Xie Jin Yao se tocó la cara y preguntó, confundida: “¿Por qué siento que, a pesar de haber pasado tantos años, los rasgos de mis padres no solo no han envejecido, sino que incluso parecen más jóvenes… ¿Es una ilusión mía?” Xie Lanzhi abrazó a su hija menor y se acercó con Xie Mo Bei: “¿Qué le pasa a Kai?” Un momento después, Qin Shu reunió el coraje necesario y se acercó a la puerta de barrotes. Levantó ligeramente los párpados y miró a la mujer con expresión interrogante: “¿Quién es esta madre para este pequeño dragón?”

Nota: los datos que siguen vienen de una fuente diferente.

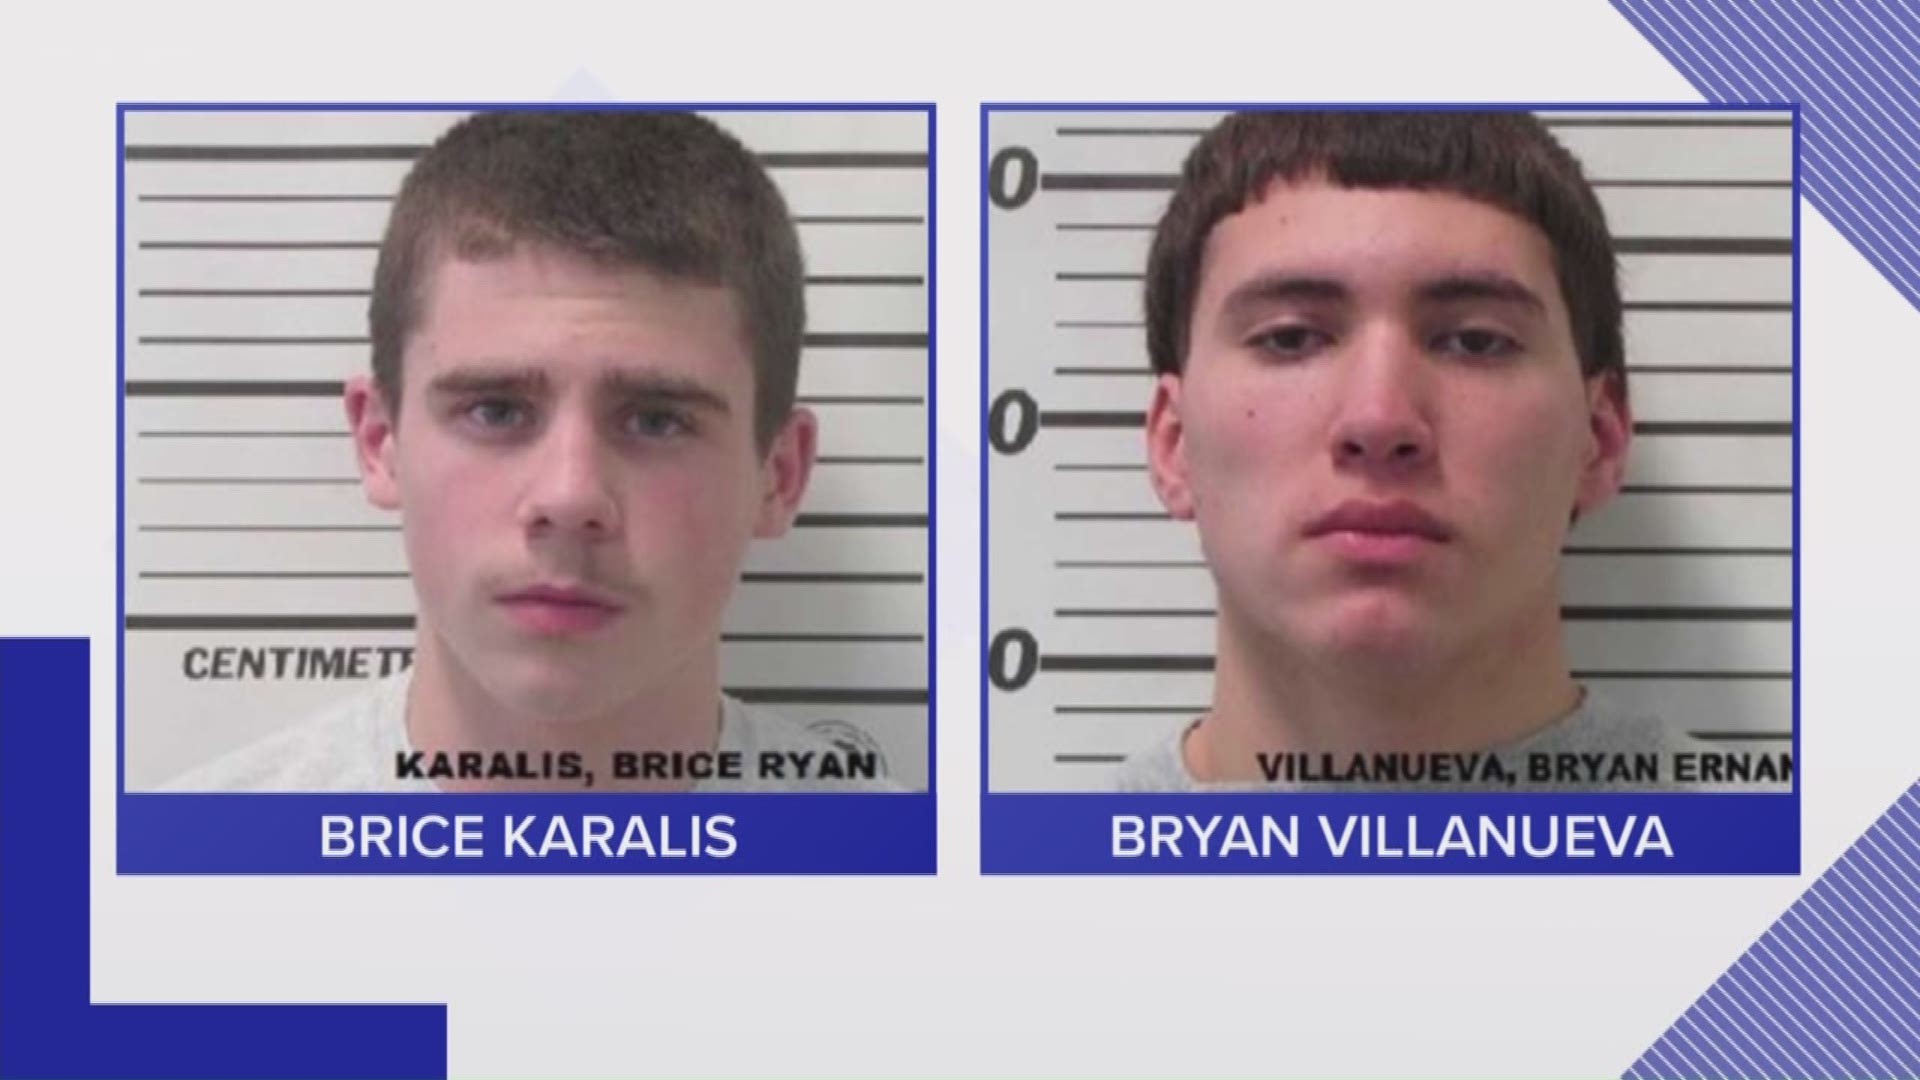 The search is over for two teens who escaped from a correctional facility in Lee County.
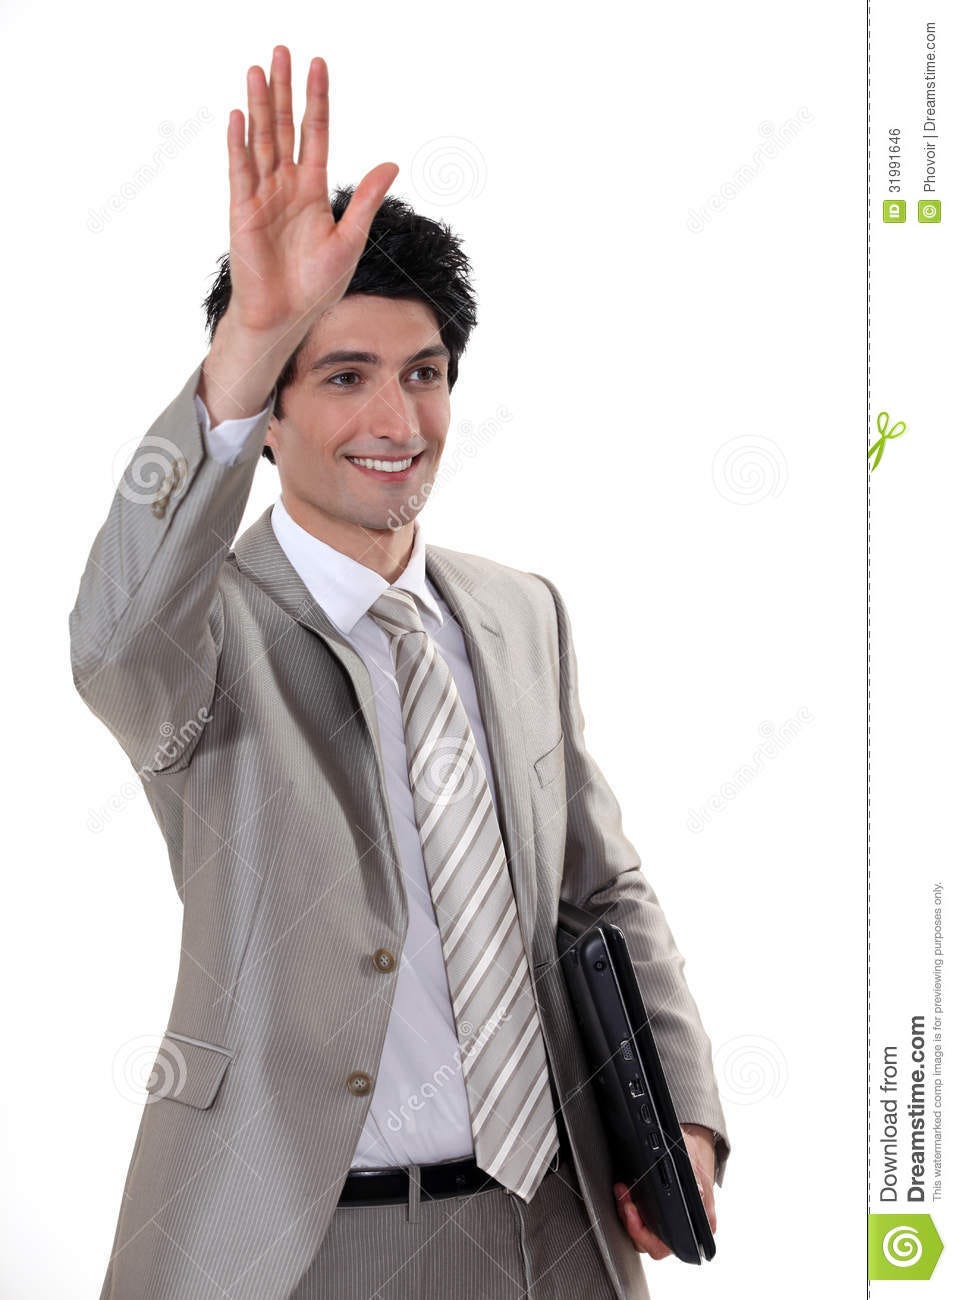 Image result for waving stock image

Qin Shu rompió el silencio con una pregunta burlona: “Lanzhi, ¿cuándo tuviste un hijo a mis espaldas sin que yo lo supiera?” Su voz llevaba consigo un tono cariñoso y familiar. “Kai está en París, asistiendo a un mercado.” Xie Chennan respondió rápidamente: “El primo de Kai, Klaus, ha fallecido… Él estuvo en la Isla del Pecado en aquel entonces…” Ella pensó en su propio rostro, que no se comparaba en belleza con el de su madre; era tan hermoso que parecía que podía romperse si se lo tocaba… La mujer abrazaba la cabeza del pequeño dragón y acariciaba sus cuernos con su mano manchada de sangre, intentando consolarlo. Su voz sonaba fría y orgullosa: “No tiene nada que ver contigo… Si no quieres morir, deja que…” Xie Lanzhi miró a Qin Shu con expresión de impotencia: “A Shu, no bajes los brazos.”
“Kai está muy triste por la muerte de su primo… Fui con él a París… Tan pronto como supe que su hermana había regresado, volé de inmediato…” La voz de la mujer se interrumpió cuando alguien la atacó por detrás y le arrebataron al pequeño dragón. Xie Lanzhi miró a los cinco niños que estaban en la habitación, reprimió el temblor en sus ojos y, sin importar su expresión atónita, tomó a Qin Shu por el hombro y siguió adelante.
“¡Papá!” Xie Chennan se acercó rápidamente y tomó los cuernos del pequeño dragón; los examinó detenidamente, con una mirada de desdén. La mujer, que era Ni Huan, levantó a su hijo y corrió hacia el bosque.
Qin Shu recordó de repente al primo de Kai. Giró la cabeza bruscamente y miró en la dirección de donde venía el sonido con expresión severa. “Suegro y suegra, he traído a A Shu para que los visite.”
La mujer gritó con voz angustiada: “¡Dejen ir a mi hijo!” “¿Les he dicho que se pueden ir?”